Assuming the scientists are right about the genes they discovered, when may people start hoping for succor? Or at least an indication that they had better eschew bisphosphonate-type drugs such as Zometa and Alendronate? (Sales of drugs of this sort have reached $5 billion a year. The problem is not a narrow one.) Possibly within a couple of years, says Solomon.

The development and approval process for biotechnological products is very different from that of drugs, the CEO elaborates. "Drugs have a very specific profile: From each 5,000 molecules only one may reach the market. The time to market is very long," he says. Also the risks are high: The cliche is that it costs a billion dollars to develop a new drug.

Here the numbers are very different. The time to market is typically shorter and the chance of success is greater. In vitro tests are much simpler, he says.

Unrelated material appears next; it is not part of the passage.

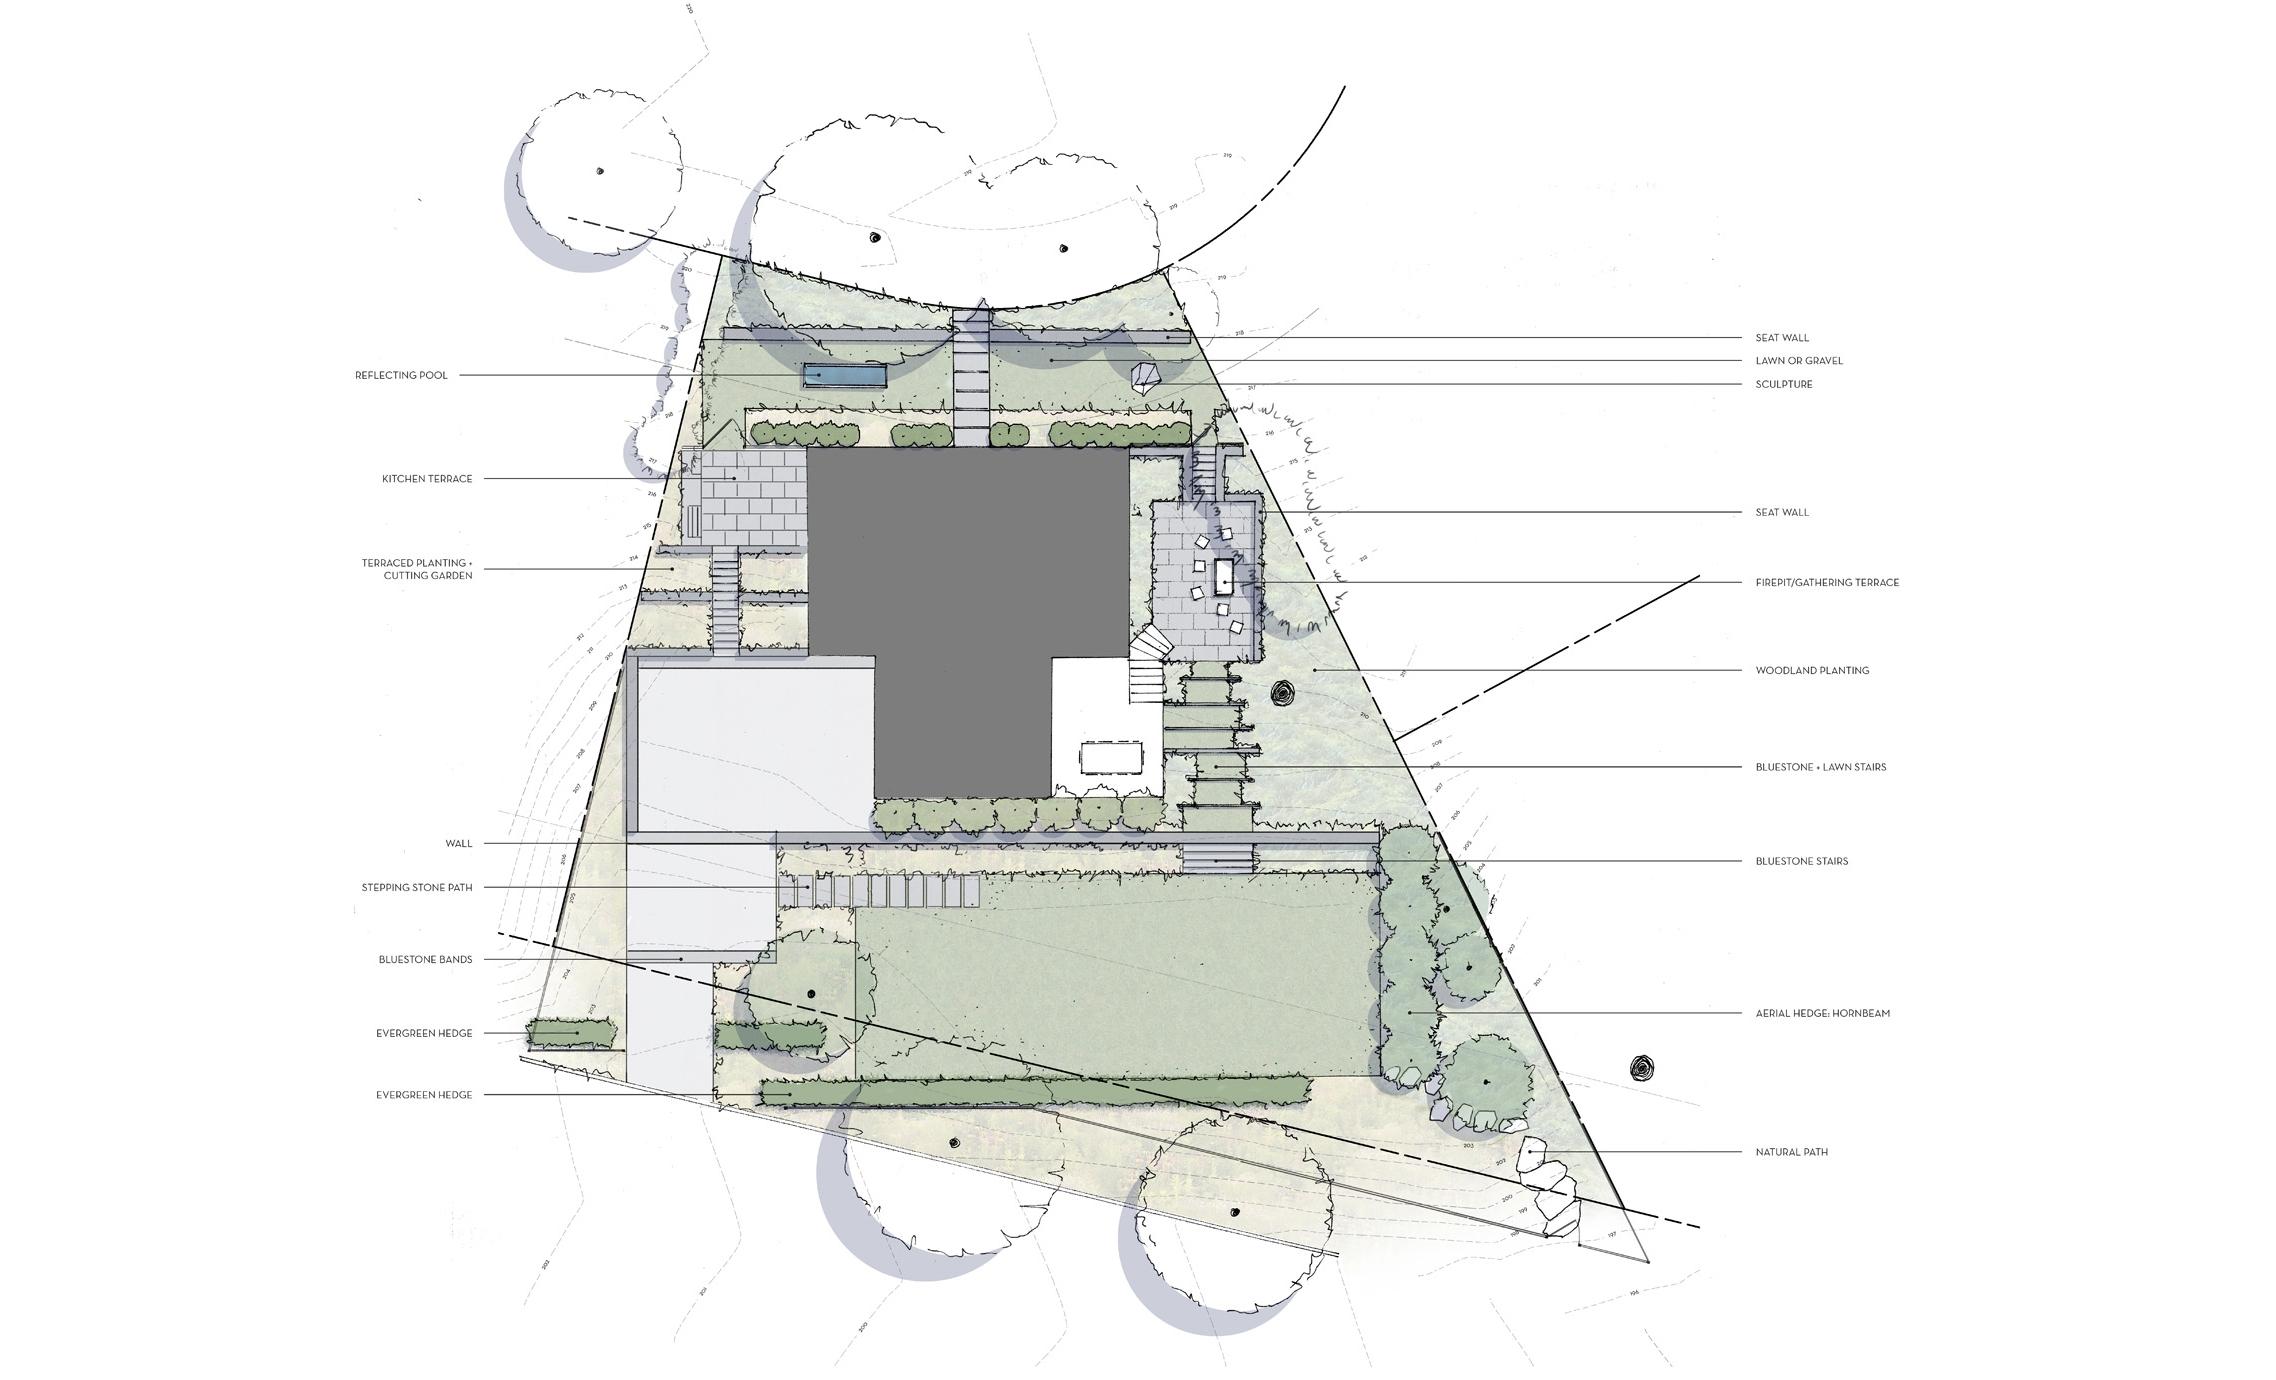 Butler_05.05.17_Composite Plan_LOCH.jpg

At this phase the Floridan scientists have presented with preliminary proof of concept, no more. Proof will take two stages: internal validation at the University of Florida and external validation through multi-center clinical trials, which means - blood tests. But it shouldn't take long compared with clinical trials of drugs, he says. His very tentative timetable is between one to two years to apply to the FDA for approval. Even here, time is shorter. FDA approval may take a matter of months, assuming it gets all the data it needs, Solomon adds.

Under its agreement with the university, Micromedic has committed to finance the R&D and protection of intellectual property. In exchange for licensing, the Israeli company will pay the university 8% royalties of net sales of the product or resultant uses.

Meanwhile, during the last 12 months, shares of Micromedic have tumbled 45%, reducing the company's market capitalization to NIS 23 million.